3. Meet Him In Person Often
If you are in the States and are courting someone in Nigeria, try to meet the person as often as you can. Long distance relationships aren’t ideal for some, because of this very factor. It takes more effort to relate with someone you hardly see. You can’t holistically understand someone, if you don’t see how they react to situations in person. Texting all day and talking on the phone for two hours at night when you’re winding down and relaxing doesn’t give you the scope of that person’s personality. Because you are always in the same environment when you speak. It’s better to visit that person often enough to observe his non-verbal communication. Learning from experience, this is necessary.
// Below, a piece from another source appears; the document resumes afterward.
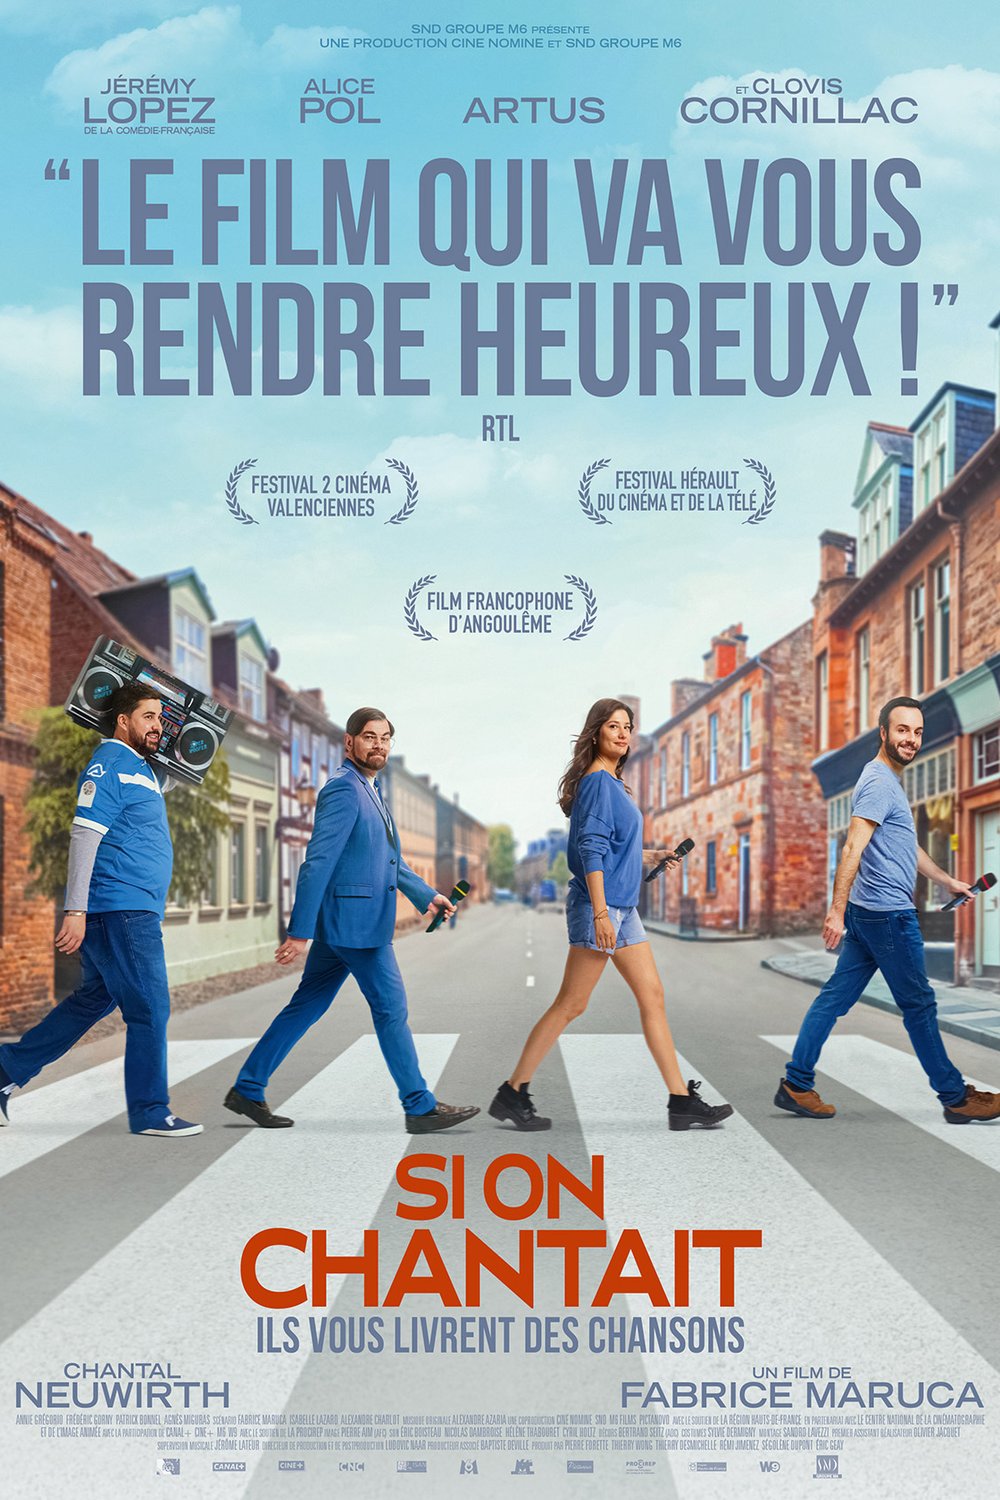 Poster of the movie Si on chantait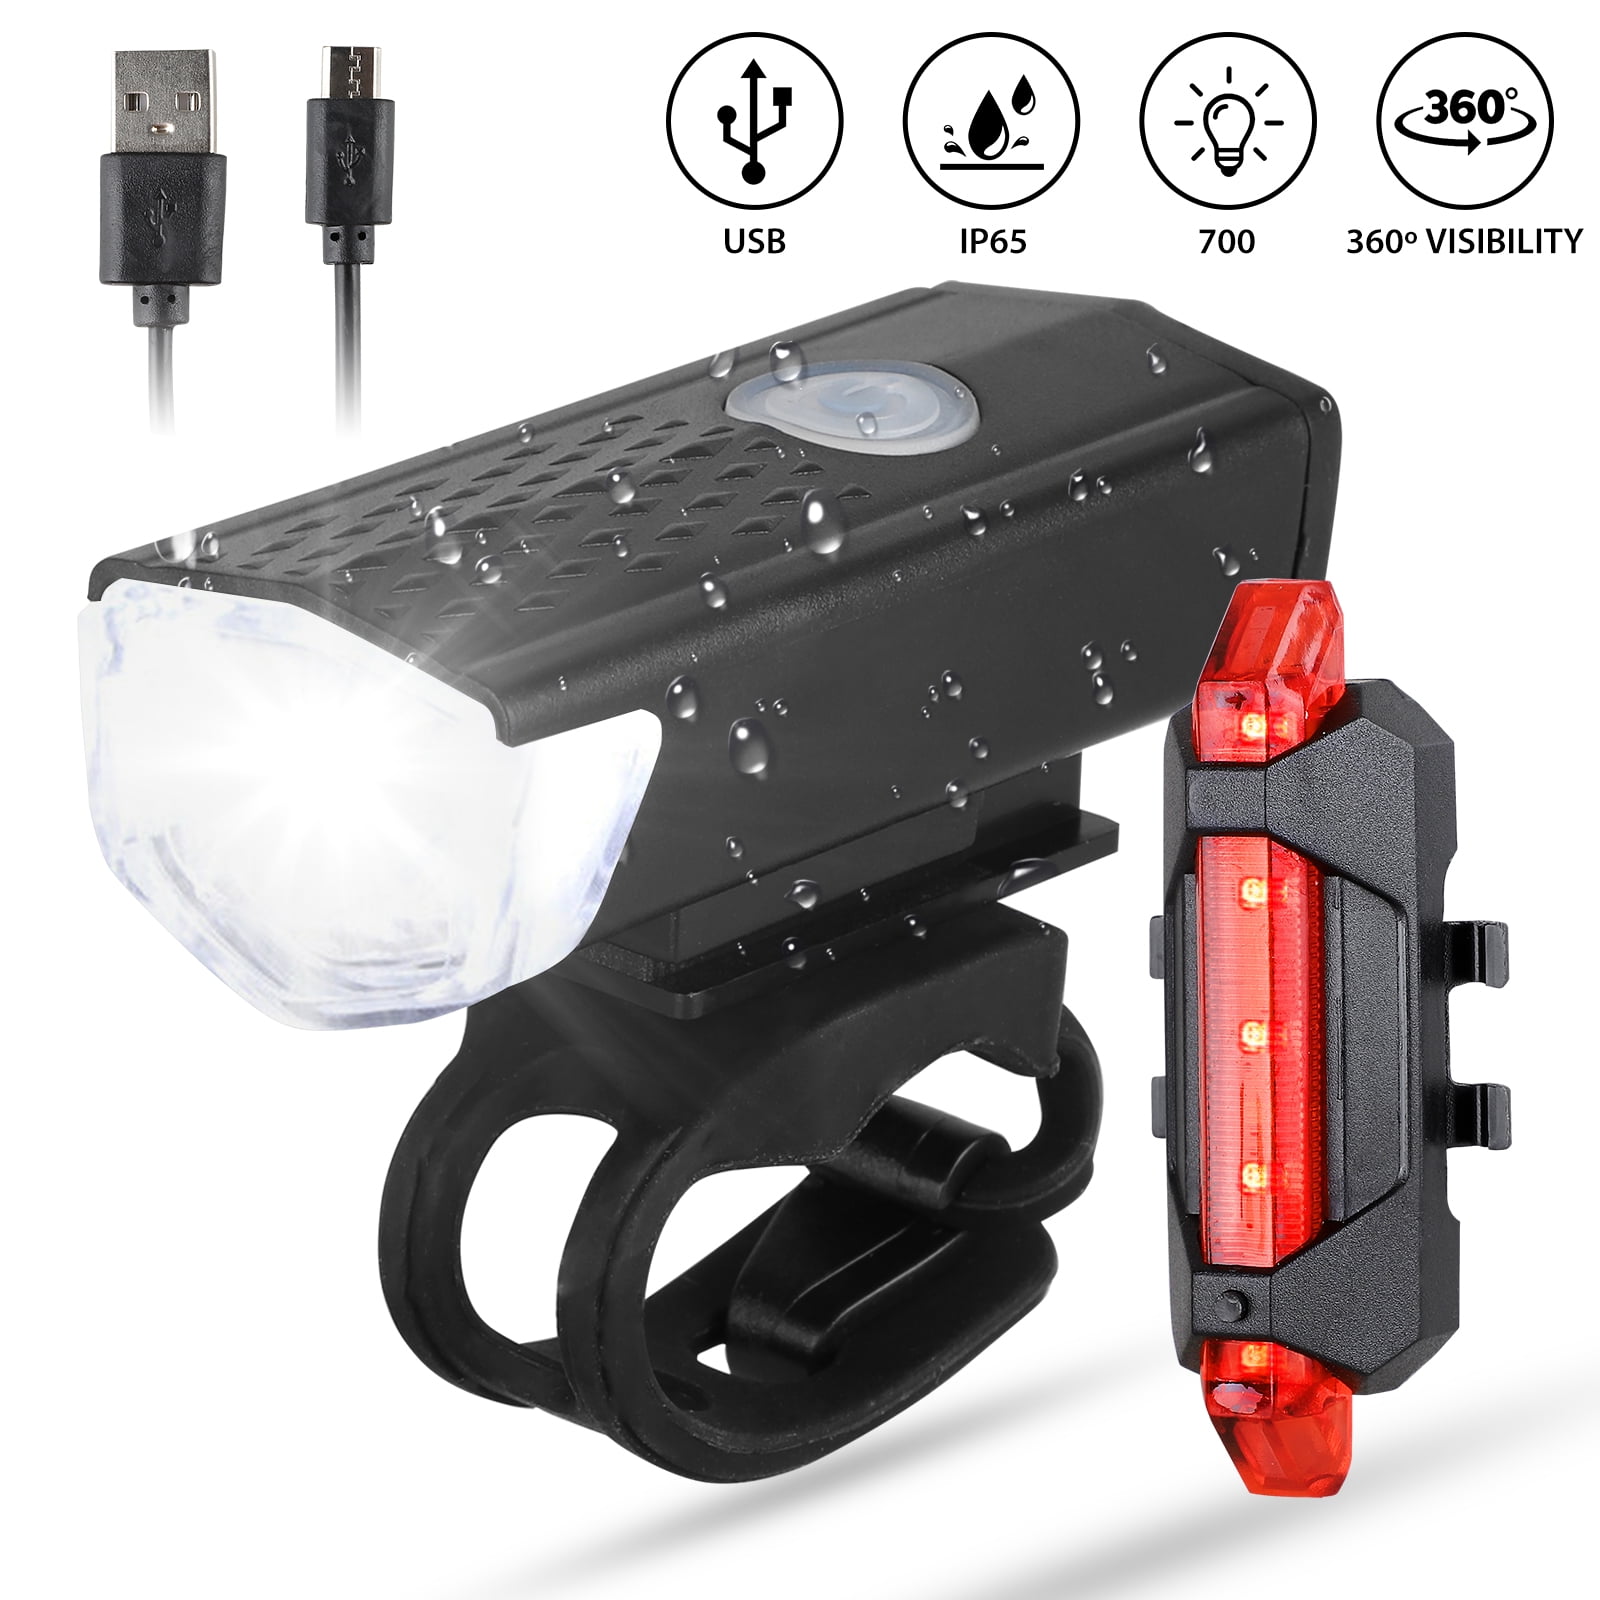 Super Bright USB Rechargeable Bicycle Lights,Waterproof Mountain Bike Light Set.

4. Gauge His Interests In Moving
Again, if you are courting someone who lives in Nigeria and you live in the States, talk about where the two of you would like to move. If he is ready to drop EVERYTHING to move to the States, then ponder deeply about it. Does he genuinely want to be with you or is he eager for a plane ticket to start his life over? Why doesn’t he believe he can do well where he is now. Help him to realize that the States don’t have streets paved in gold. Although we have better infrastructure to plan for the future, it takes diligence to create a life that you want to live anywhere in the world. Unless his parents are oil tycoons, politicians, bank managers or CEOs, the same hustle he’s running from in Nigeria will come and meet him in the States. Make sure his expectations are realistic and manageable.
Your Turn: If you’ve been in this situation, what advice would you give?